Discussion in 'Frame Mounted Engines' started by moonlake3, Aug 11, 2010.

  1. moonlake3

    moonlake3 New Member

    Here's what I done...I broke a rear mount stud. Instead of using an easy out, which I don't have, I drilled out the broken stud. I then used a self taping screw to make some new threads. I guess I didn't do a good job because now my rear mount spacer won't go all the way down the studs to be flush on the engine. I tried making the holes in the spacer a little bigger. Not much there to work with. The spacer goes over the studs and part way down. Just not far enough. The studs measure about 1/8" closer together at the engine that at the ends...:tt1:
    All this being said, I am trying to help my brother long distance. He has no computer understanding either. He is in need of an idea what to do. I told him probably looking at another engine.
    I hope I explained the problem well enough. He has only a few tools and little patients.
    I will wait for a few suggestions before I go on. I probably would have tackled the problem differently.

  2. spad4me

    spad4me Member

    Is this a happtime engine?
    My rear mount kept shearing off flush with the engine not the spacer.
    At first I would slot the broken stud with a dremel and unscrew the broken stud piece.
    I tried red locktite once BAD MISTAKE.
    I could not unscrew the broken studs.

    Place the spacer against the engine a little higher than normal.
    Just on top of the flush broken studs.

    Using the spacer as a guide redrill both holes being careful to align the holes, and not go to deep into the engine.
    Redrill with a drill sized for a 7/16 th tap to about 3/8 inch be careful.
    Tap the hole's with the 7/16 tap.
    But a correctly sized grade eight bolt.
    Its fixed and stronger than stock.

    Any hardware store will sell you the correct drill bit and tap as well as the grade eight bolts.
  3. moonlake3

    moonlake3 New Member

    messed up redrilling

    Good idea.
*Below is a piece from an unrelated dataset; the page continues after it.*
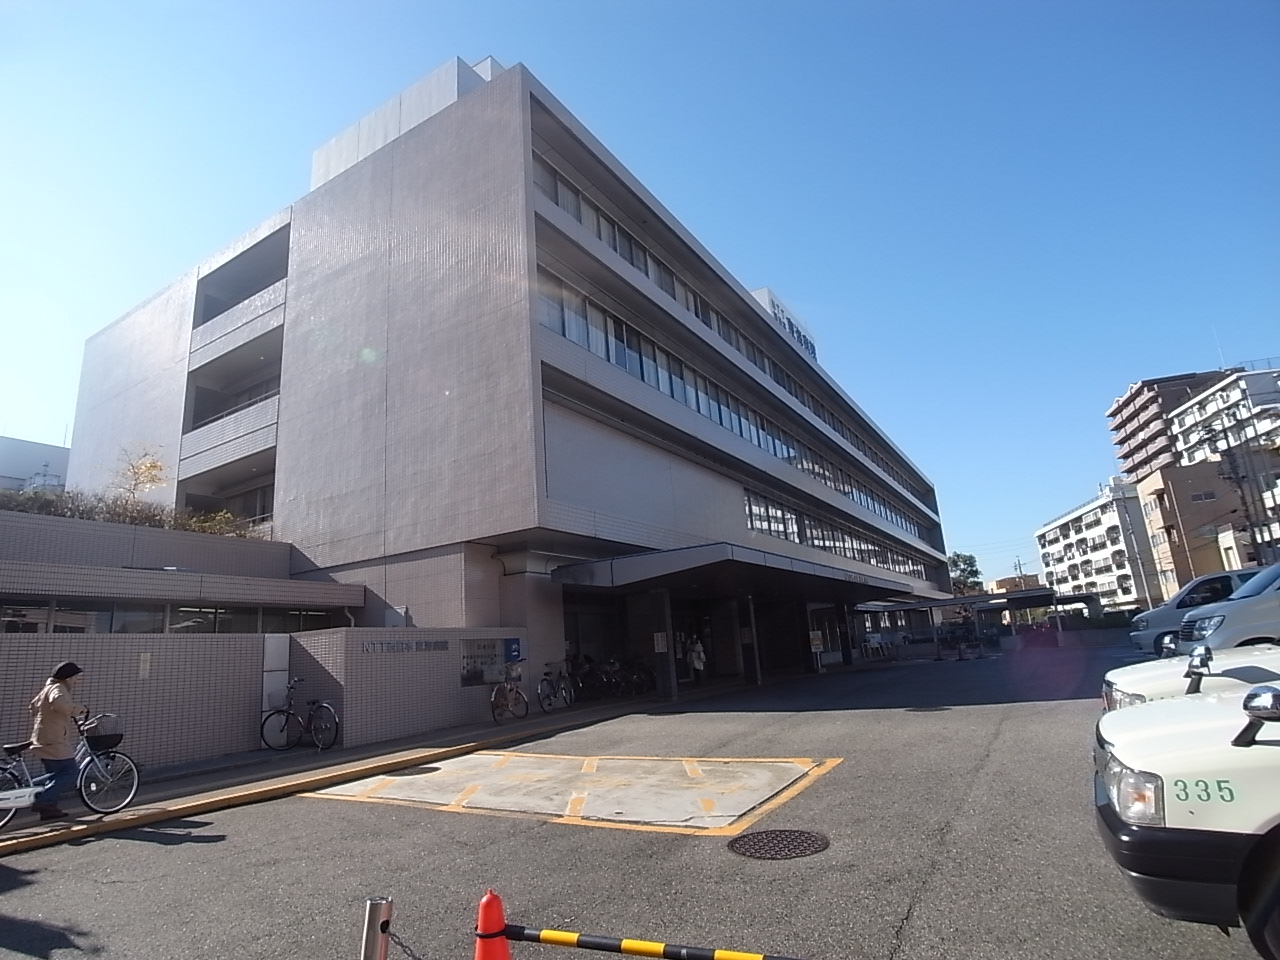 Hospital. NTT West Tokai hospital 960m (General Hospital) to (hospital)

I should have used the spacer for a guide the first time. My stud isn't broken off. I have another hole there now.Crooked. I'll have to look and see if there is enough room to move a little. With the other hole there, I wouldn't want to be right next to it. No strength.
    I was checking out the "rear mount overkill" idea. Might consider that also. I do have 2 holes to mount the plate. Just too close together for the mount spacer. Thanks for the input.:rockon:
  4. Al.Fisherman

    Al.Fisherman Active Member

    If it was my engine this is what "I" would do....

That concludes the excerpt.